“不要钱”
她一个平头百姓,手头紧巴的他指缝里漏下个扳指都会眼巴巴去捡,眼下却和他说不要钱
那她是想要什么
舌尖重重地抵过齿尖,仿佛只有那种略微刺痛的感觉方能缓解男人心口越来越刺挠的情绪。
就算他能纵容她的痴心妄想,那她是不是也该有一个度
赵时隽并未再打发冯二焦去说些什么,有意将茶花晾到一边去,既不叫她晚上过来伺候,听见她要求见,也不许人放她进来。
直到第二日,冯二焦道茶花在收拾东西。
“她这是想离开了”
掐指一算,半个月的光景竟如此短暂,一闪而逝。
冯二焦“应该是的,毕竟那位的忌日也已经过去了”
他知晓这隐疾全都是赵时隽心理作祟,实则平日里就算把茶花留在身边,也是无用的。
冯二焦想着正打算问问要不要多送茶花两瓶伤药叫她带走,却听赵时隽冷不丁不阴不阳地冷“呵”了一声。

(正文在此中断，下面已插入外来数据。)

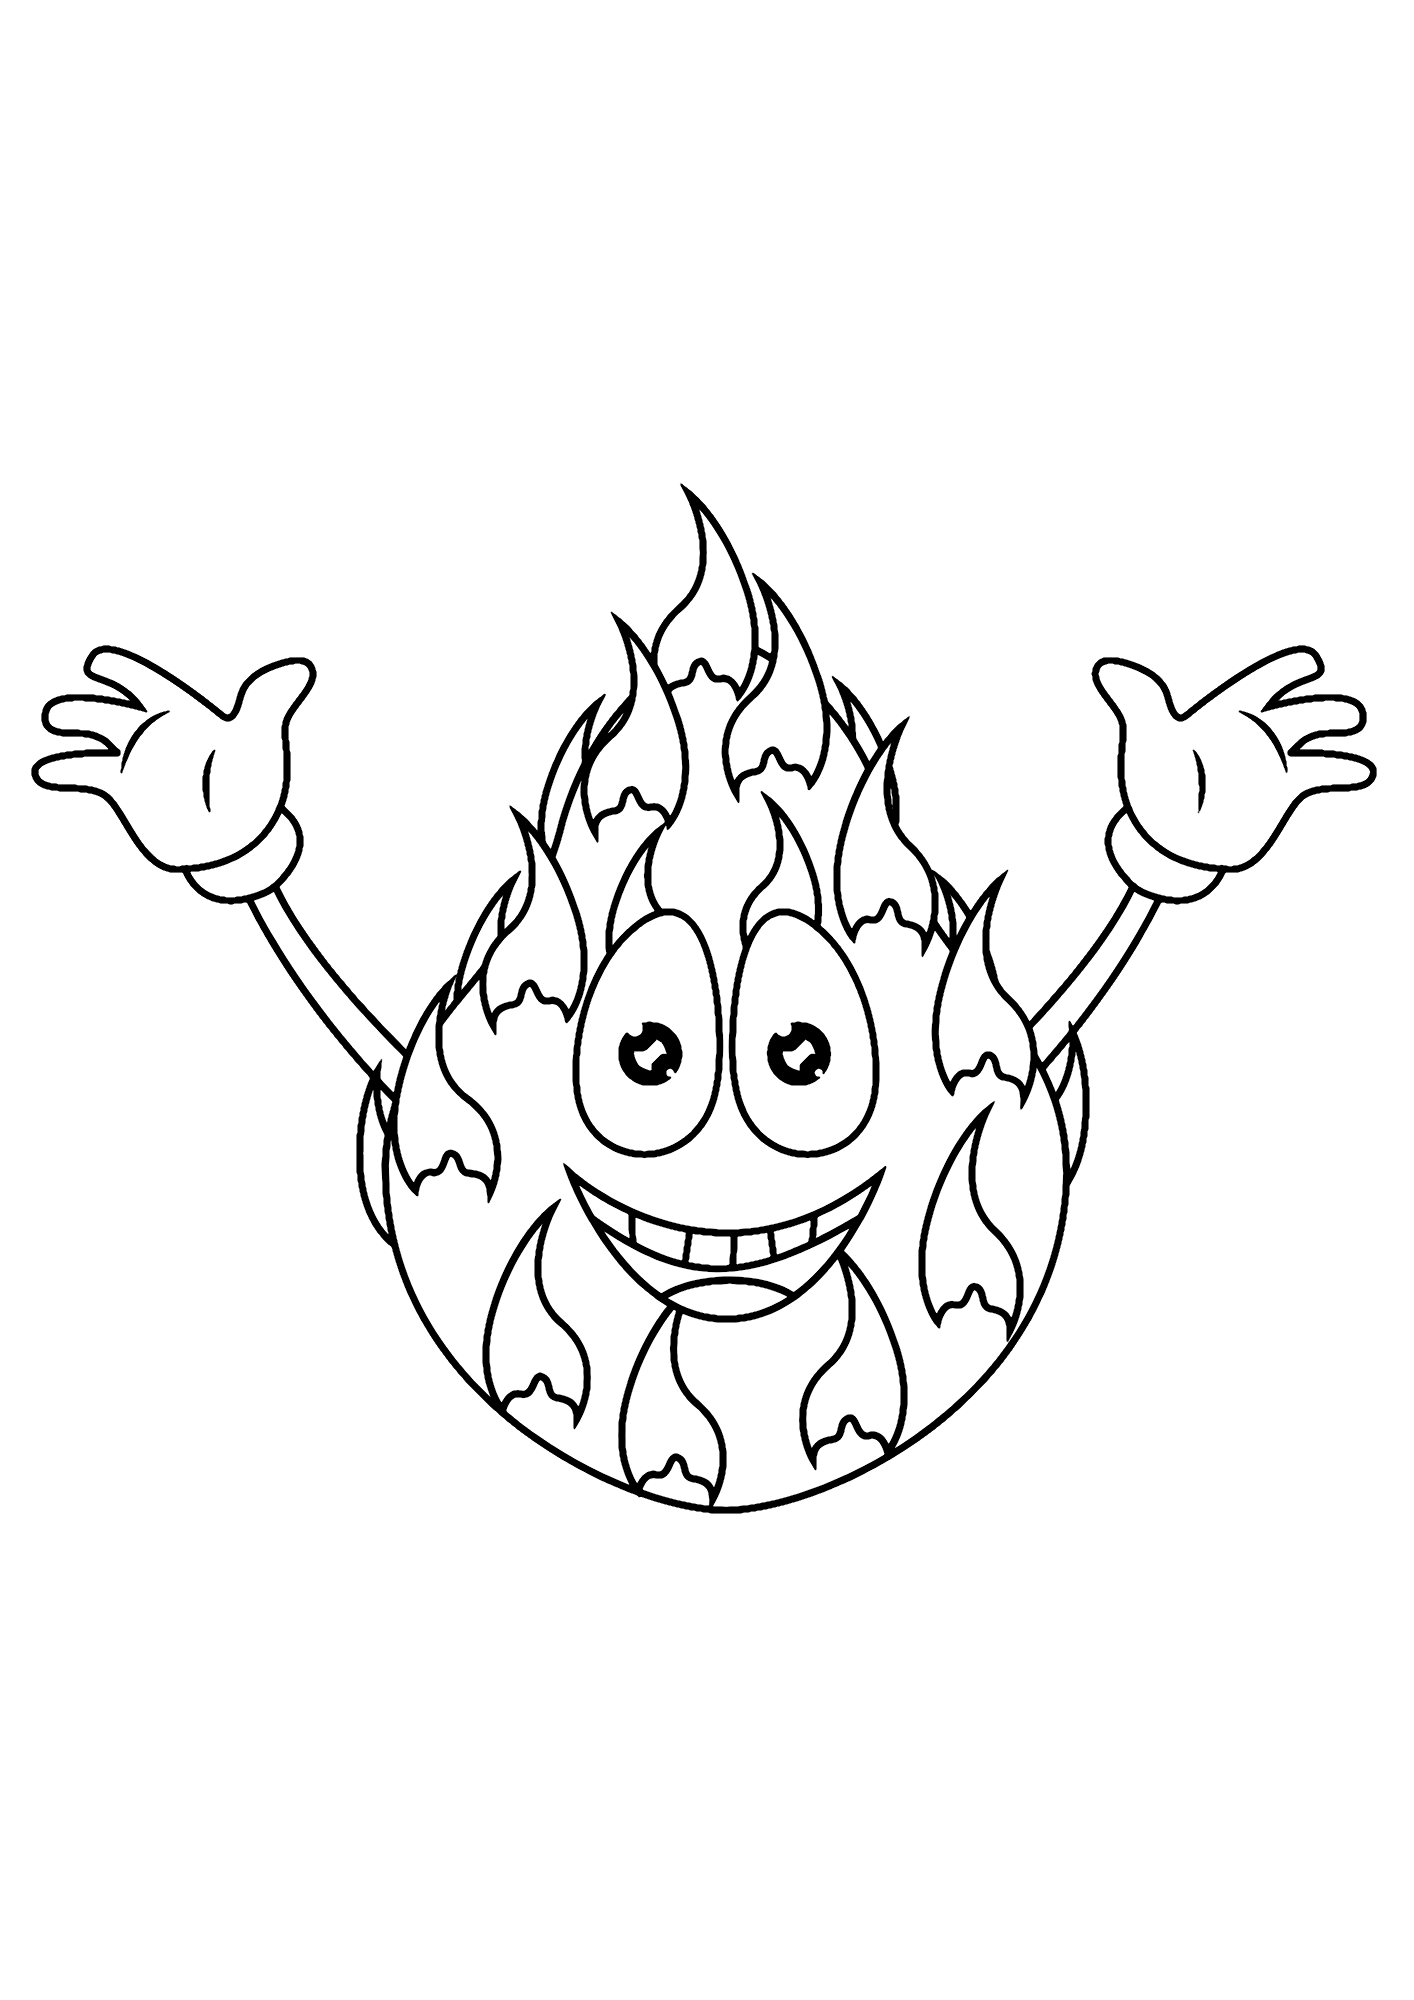 Dragon Cartoon Coloring Pages

男人眼底掠过一抹火光,半是阴沉地灌了口茶,道自己这几日是上火的厉害。
心口那股刺挠就越发得止不住。
只是她对自己说是喜欢,却也根本坚持不了多久。
只要觉得看不到希望了,便要收拾东西离开
她也不想想,这等不值钱的喜欢,谁又会稀罕
茶花这边确实是准备要离开的。
她给萧烟娘下的那一碗迷药药性虽重,但也不可能让对方永远都醒不来。
巧在她伺候男人的期限终于也要结束,这个时候准备离开,反倒是合情合理。
到了晚上,茶花本以为赵时隽不会再用到她。
岂料冯二焦还是过来传唤了她一声。
茶花掩住心底的不情愿,如往常一般去伺候男人。
当夜的气氛仍旧一如既往地因为茶花的安静而显得有些沉闷。
但赵时隽揉了几下眉心,终于把手里的书放下,仿佛同茶花聊家常一般,忽然同她说起了话。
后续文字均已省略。